● WHAT IS EXPECTED
With the images removed, write out every line below exactly.

● RECORDED DATA
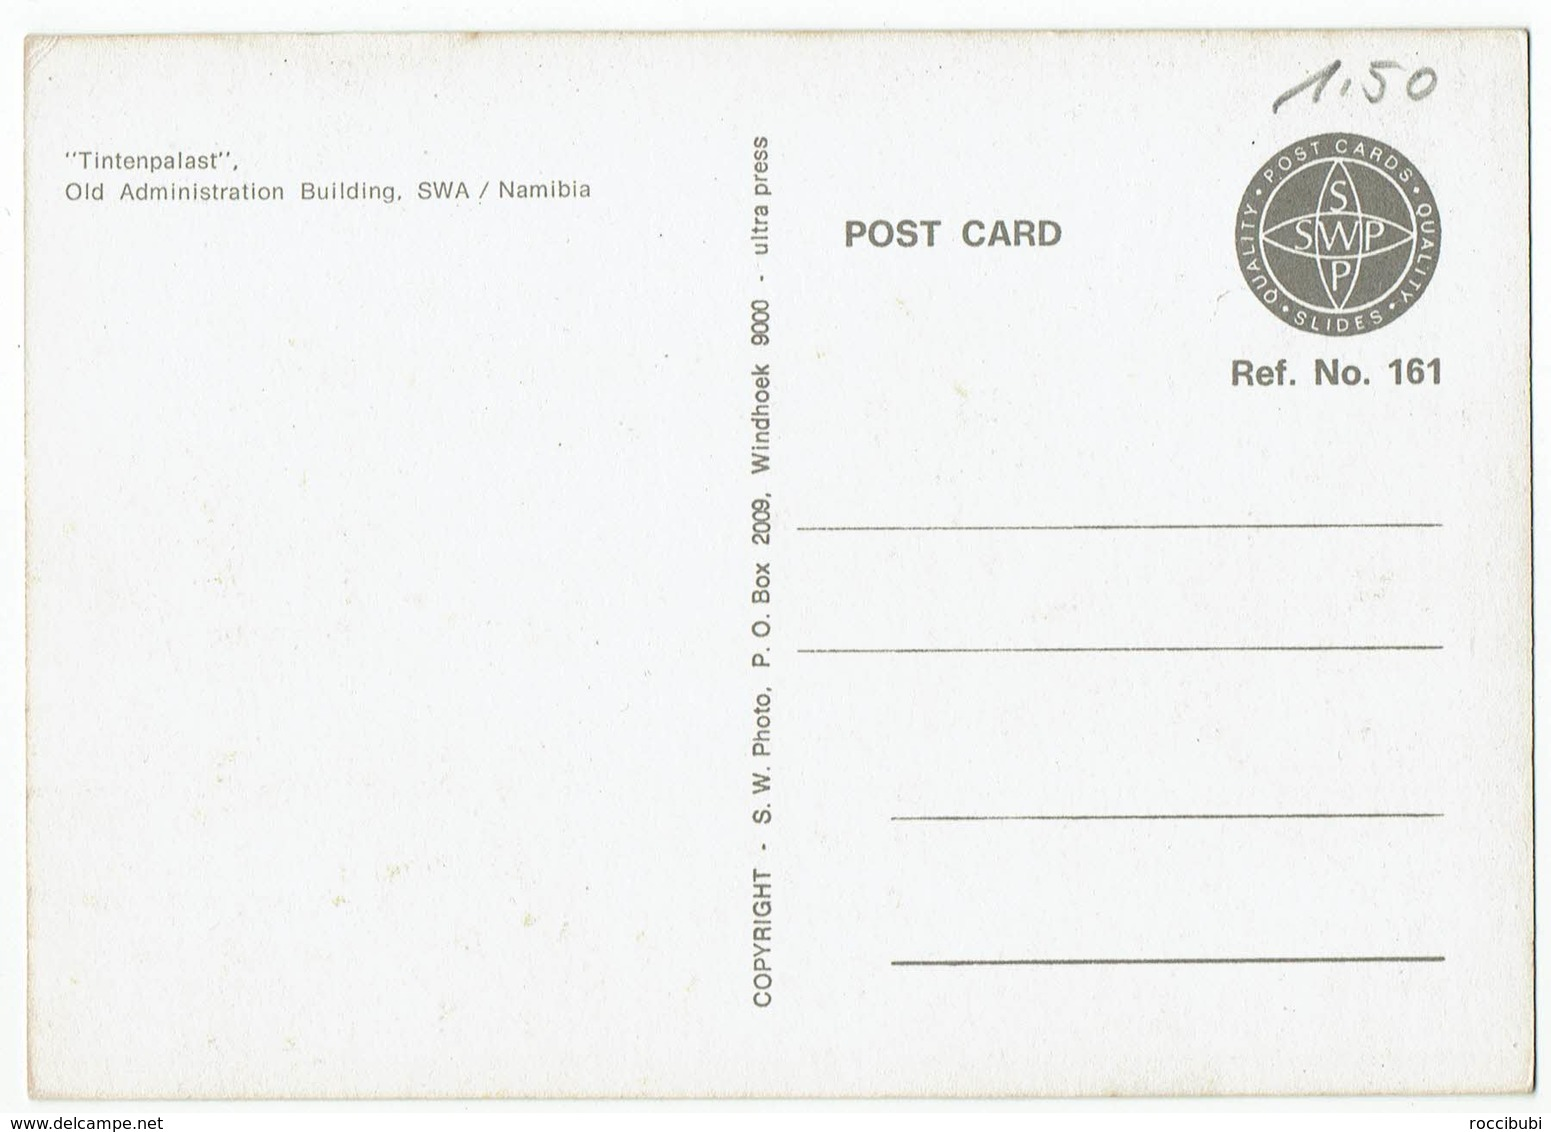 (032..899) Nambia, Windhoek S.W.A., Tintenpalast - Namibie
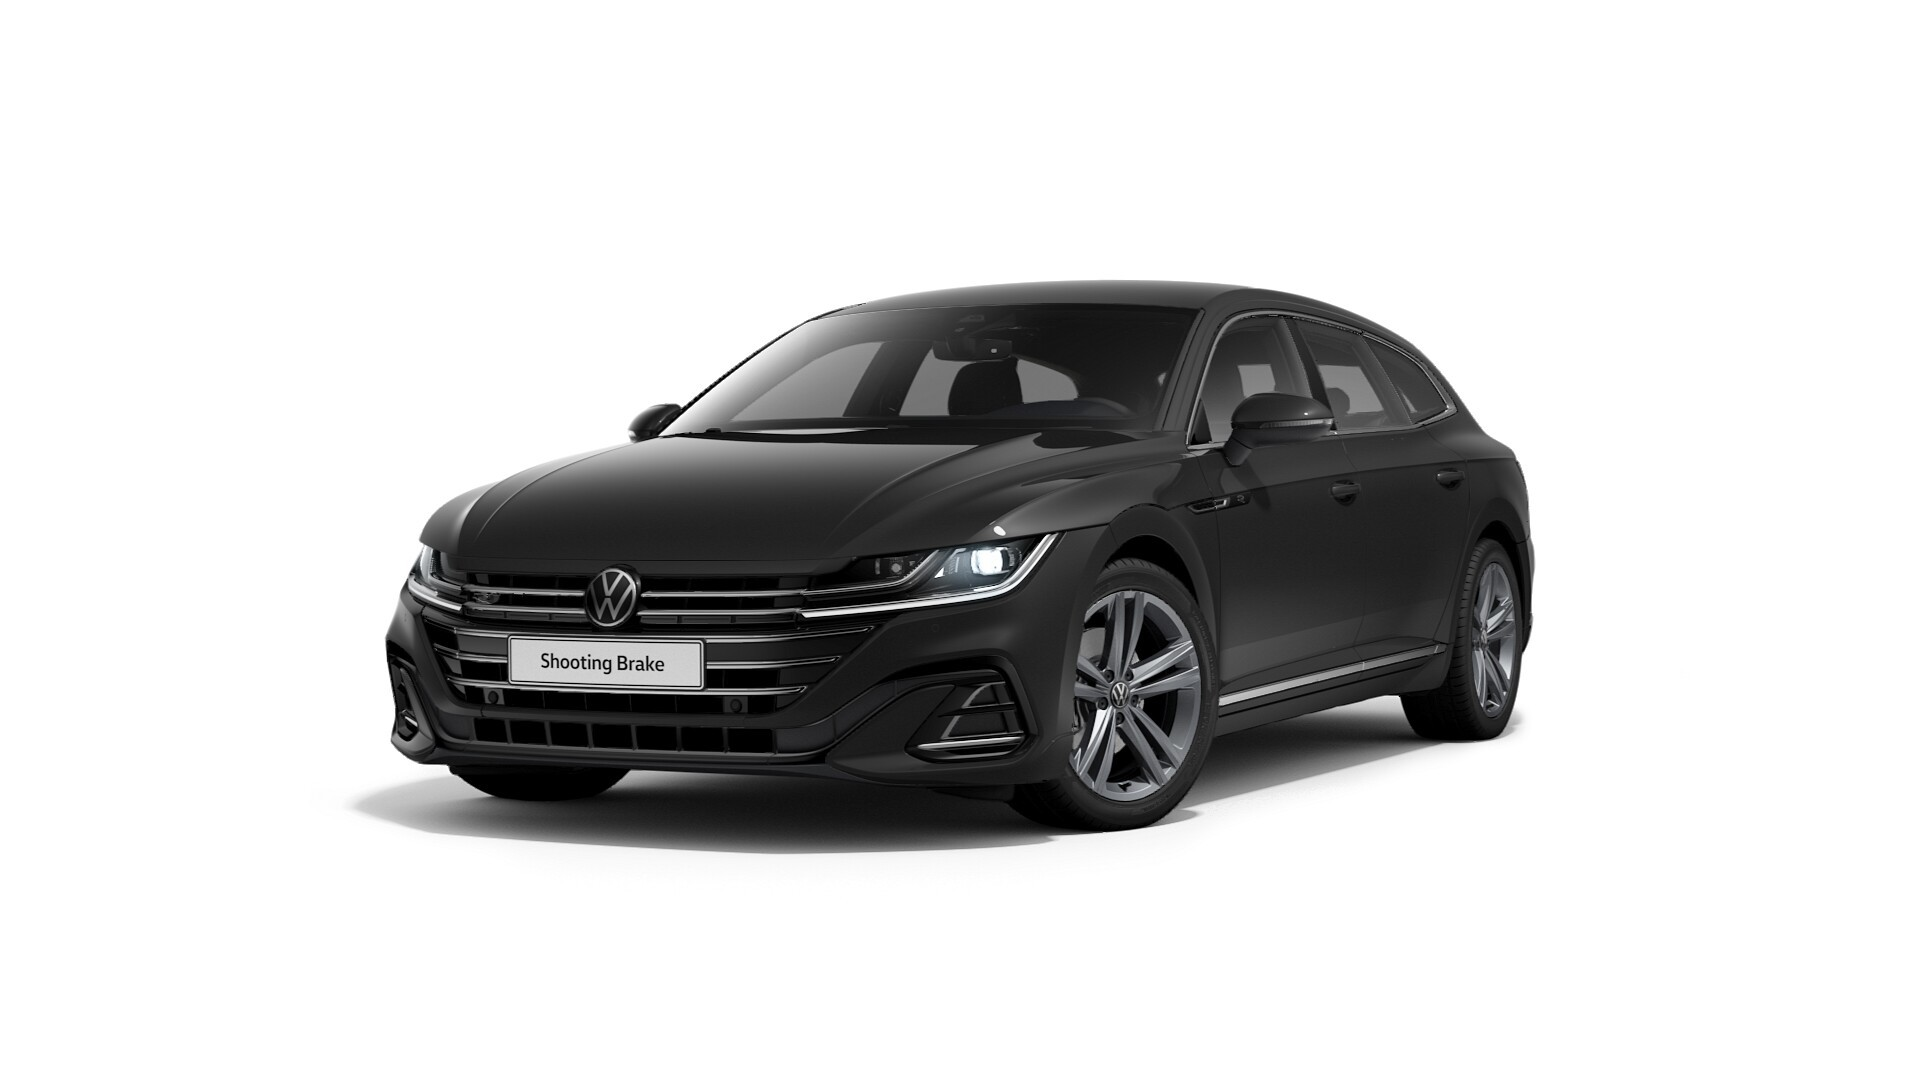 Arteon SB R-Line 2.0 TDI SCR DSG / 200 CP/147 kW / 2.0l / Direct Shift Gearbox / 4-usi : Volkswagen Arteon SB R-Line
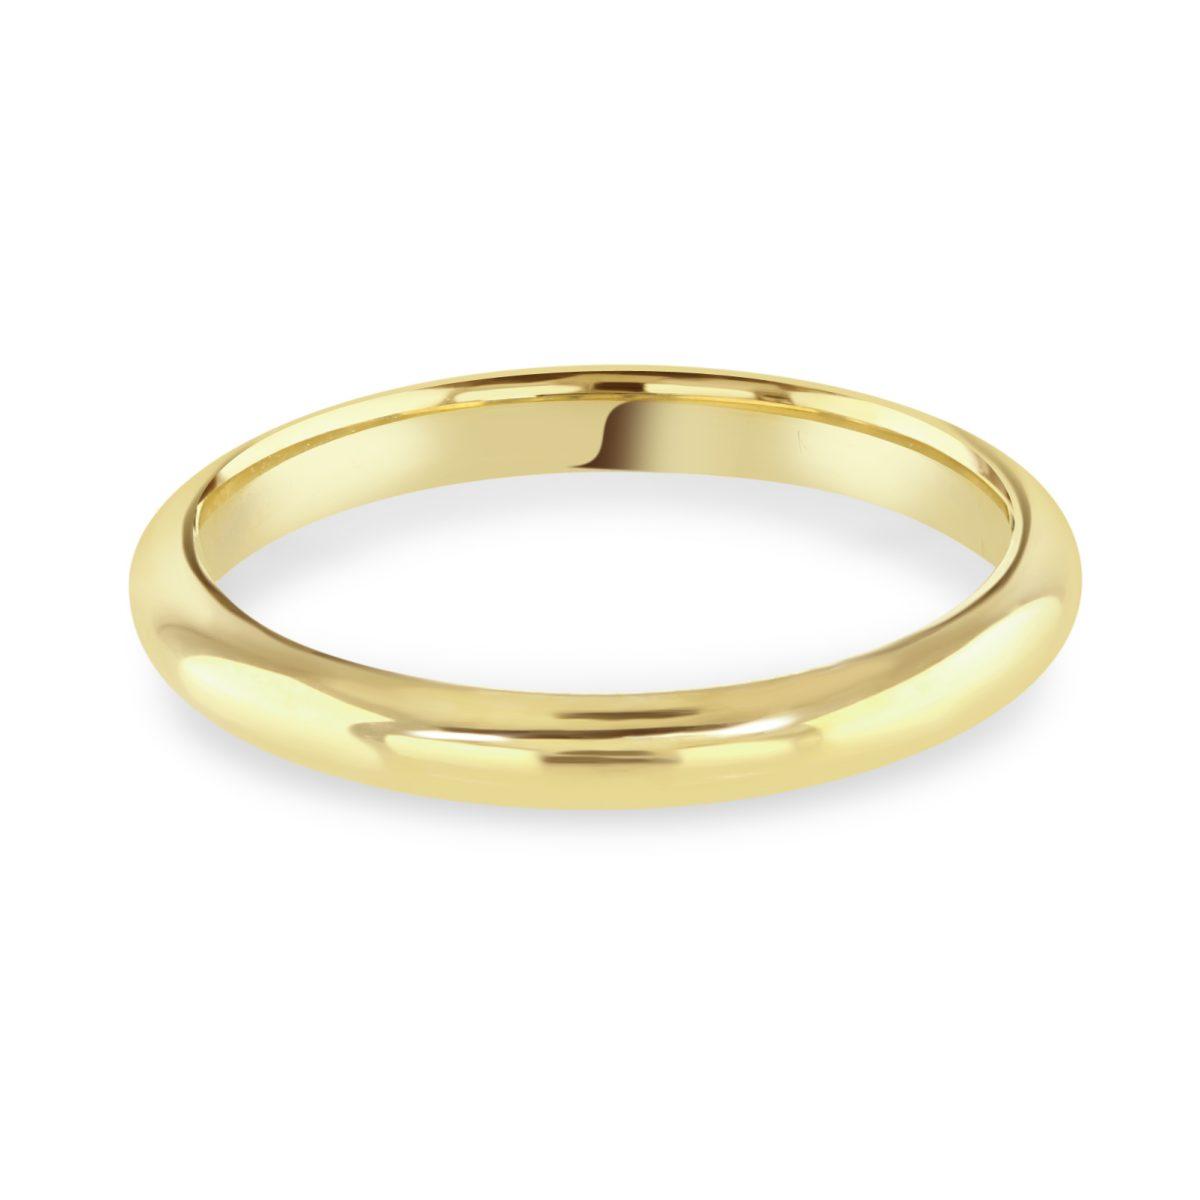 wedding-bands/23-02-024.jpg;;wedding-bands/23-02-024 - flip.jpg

● FINAL ANSWER
 (032..899) Nambia, Windhoek S.W.A., Tintenpalast - Namibie
 Arteon SB R-Line 2.0 TDI SCR DSG / 200 CP/147 kW / 2.0l / Direct Shift Gearbox / 4-usi : Volkswagen Arteon SB R-Line
 wedding-bands/23-02-024.jpg;;wedding-bands/23-02-024 - flip.jpg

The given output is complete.